La Darbia blog

SAN GIULIO, IL DRAGO E IL PANE DELLE MONACHE

Mer, 27 gennaio 2016
SAN GIULIO, IL DRAGO E IL PANE DELLE MONACHE
C’è un’atmosfera di festa che serpeggia nel borgo di Orta verso la fine di gennaio. Il motivo? Semplice: si avvicinano le celebrazioni di San Giulio, amato patrono del paese nonché protettore degli edili di tutto il Cusio. Il giorno preciso dedicato al Santo (e ai muratori della riviera) è il 31 del..
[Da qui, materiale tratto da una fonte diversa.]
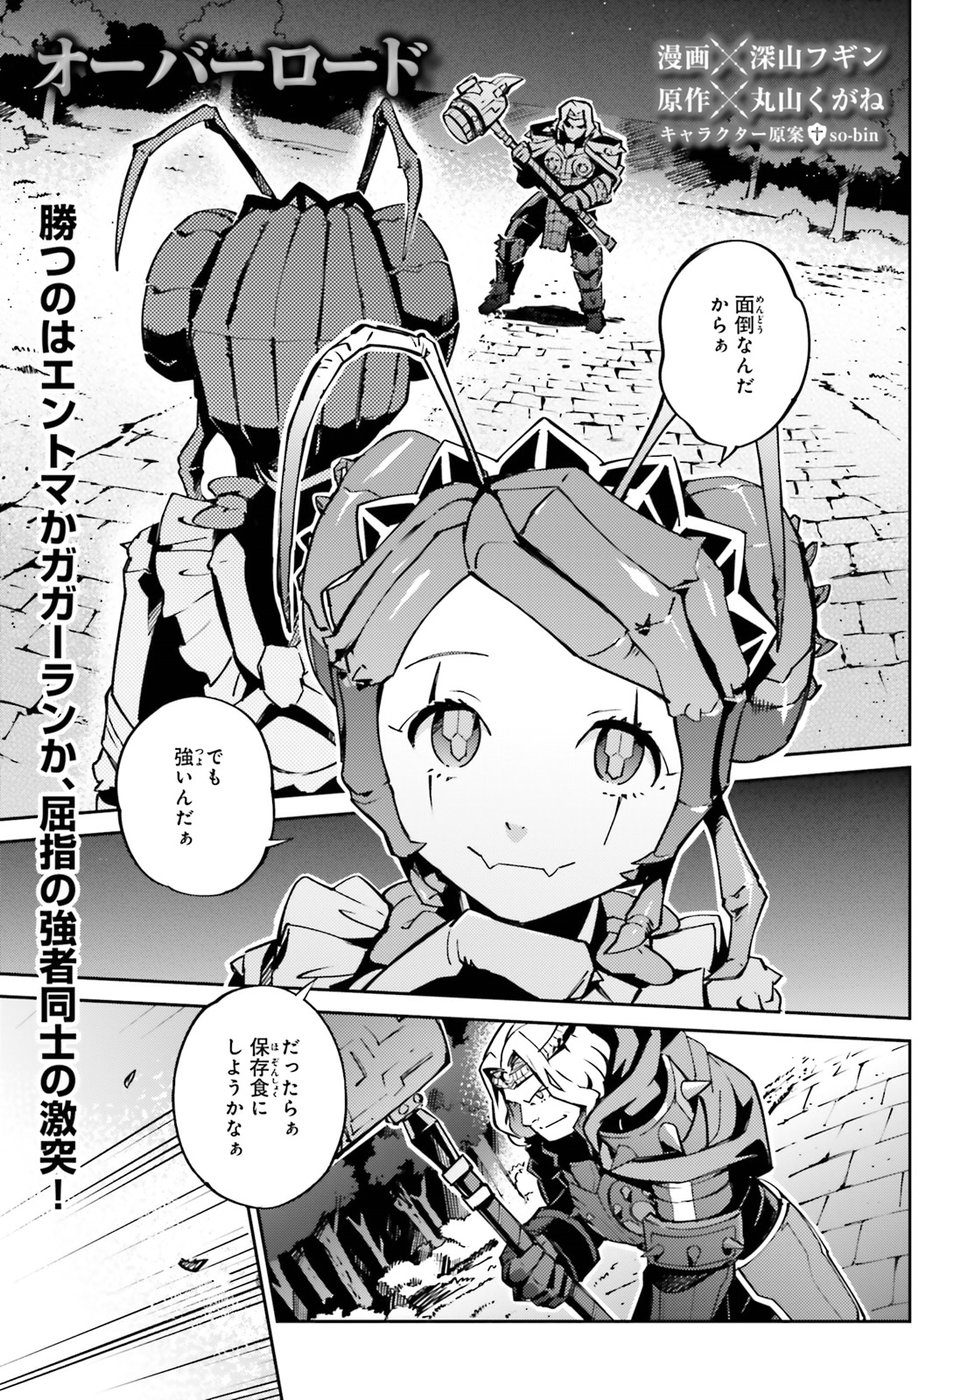 Overlord Manga Chapter 45

C’è un’atmosfera di festa che serpeggia nel borgo di Orta verso la fine di gennaio. Il motivo? Semplice: si avvicinano le celebrazioni di San Giulio, amato patrono del paese nonché protettore degli edili di tutto il Cusio. Il giorno preciso dedicato al Santo (e ai muratori della riviera) è il 31 del mese, quando anche le porte del convento di clausura dell’isola rimangono aperte per la consueta distribuzione del «pane di San Giulio» prodotto dalle monache.

Durante la giornata si incrociano molti pellegrini che raggiungono Orta per assistere alla messa nella Basilica dell’Isola o partecipare alla processione che si svolge lungo l’unica stradina pedonale che circonda il monastero. Anche la benedizione degli strumenti di lavoro degli edili fa parte integrante della cerimonia, seguita da un abbondante pranzo e dal tradizionale incanto dell’agnello.
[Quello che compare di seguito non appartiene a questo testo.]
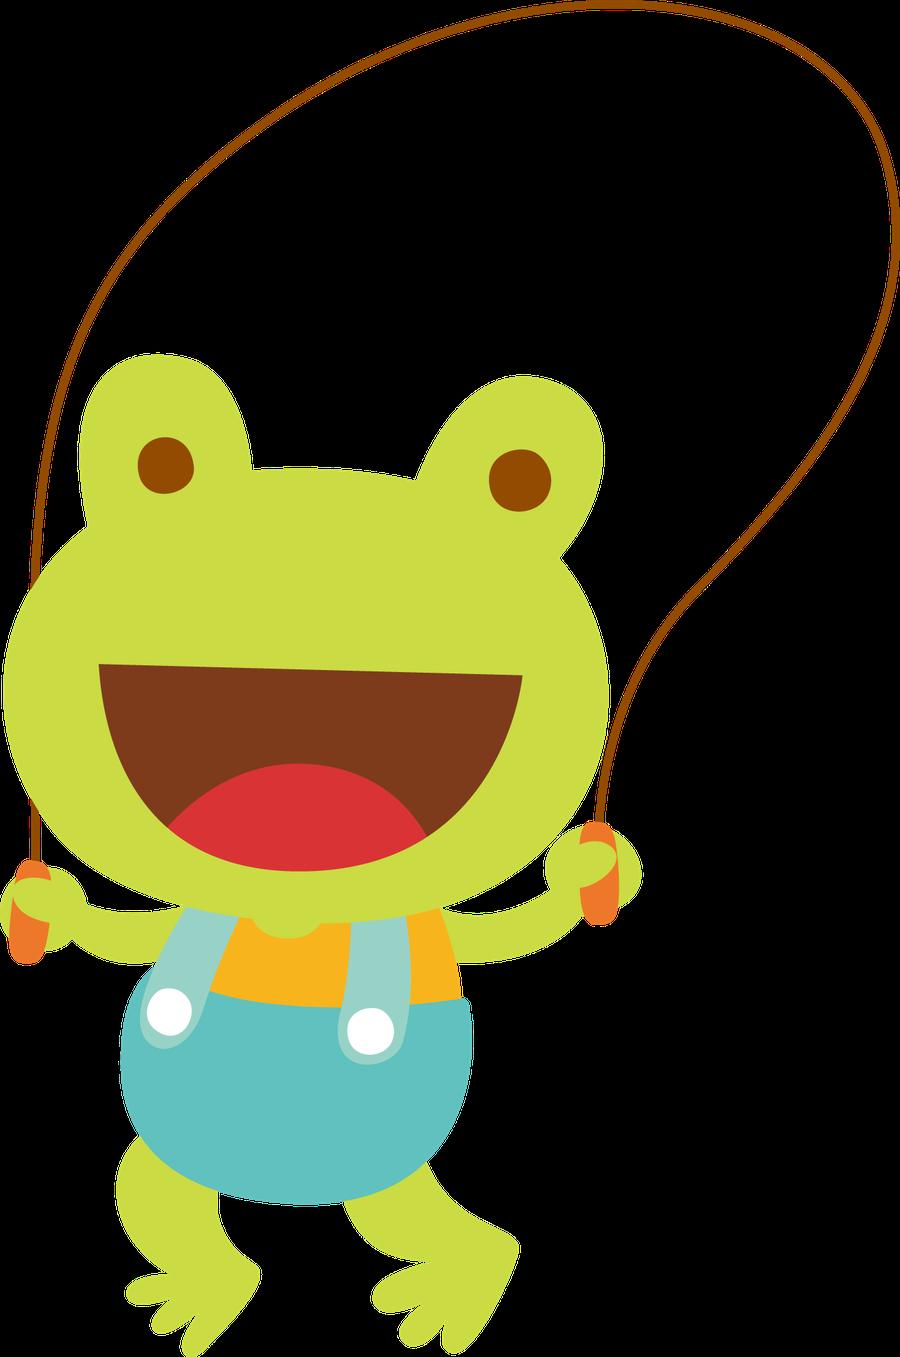 Frogs clipart birthday. Sapos minus already felt

Secondo la leggenda San Giulio, predicatore cristiano di origine greca, giunse nelle zone del lago d'Orta insieme al fratello Giuliano, con lo scopo di convertire le genti ed edificare nuove chiese. Mentre Giuliano avrebbe costruito a Gozzano un edificio sacro in onore di San Lorenzo, Giulio si sarebbe diretto verso la piccola isola di fronte a Orta per edificarvi la sua centesima e ultima chiesa.

Molte storie suggestive si narrano a proposito di questo personaggio leggendario: si dice infatti che prima del suo arrivo l’isolotto fosse solo uno scoglio abitato da serpi e un mostruoso drago. Attorno al 390 Giulio attraversò le acque del lago stendendovi sopra il suo mantello e lasciandosi guidare nella tempesta dal suo bastone. Sconfisse il mostro e mise in fuga i serpenti e poi iniziò i lavori di costruzione della basilica nella quale riposano oggi i suoi resti.

Ma è nella sacrestia della chiesa che è custodito qualcosa di incredibile: una vertebra di drago, la prova materiale che la leggenda potrebbe avere un fondo di verità. Naturalmente nulla ci assicura che questo grande osso sia davvero appartenuto a un mostro, potrebbe essere il residuo dello scheletro di qualche animale, ma senz’altro la coincidenza è piuttosto affascinante.

A guardarla oggi, dalle tranquille alture de La Darbia, l’isola sembra un’oasi di pace e sacralità, forse perché, mentre le suore di clausura impastano il loro pane benedetto , San Giulio davvero veglia su di lei.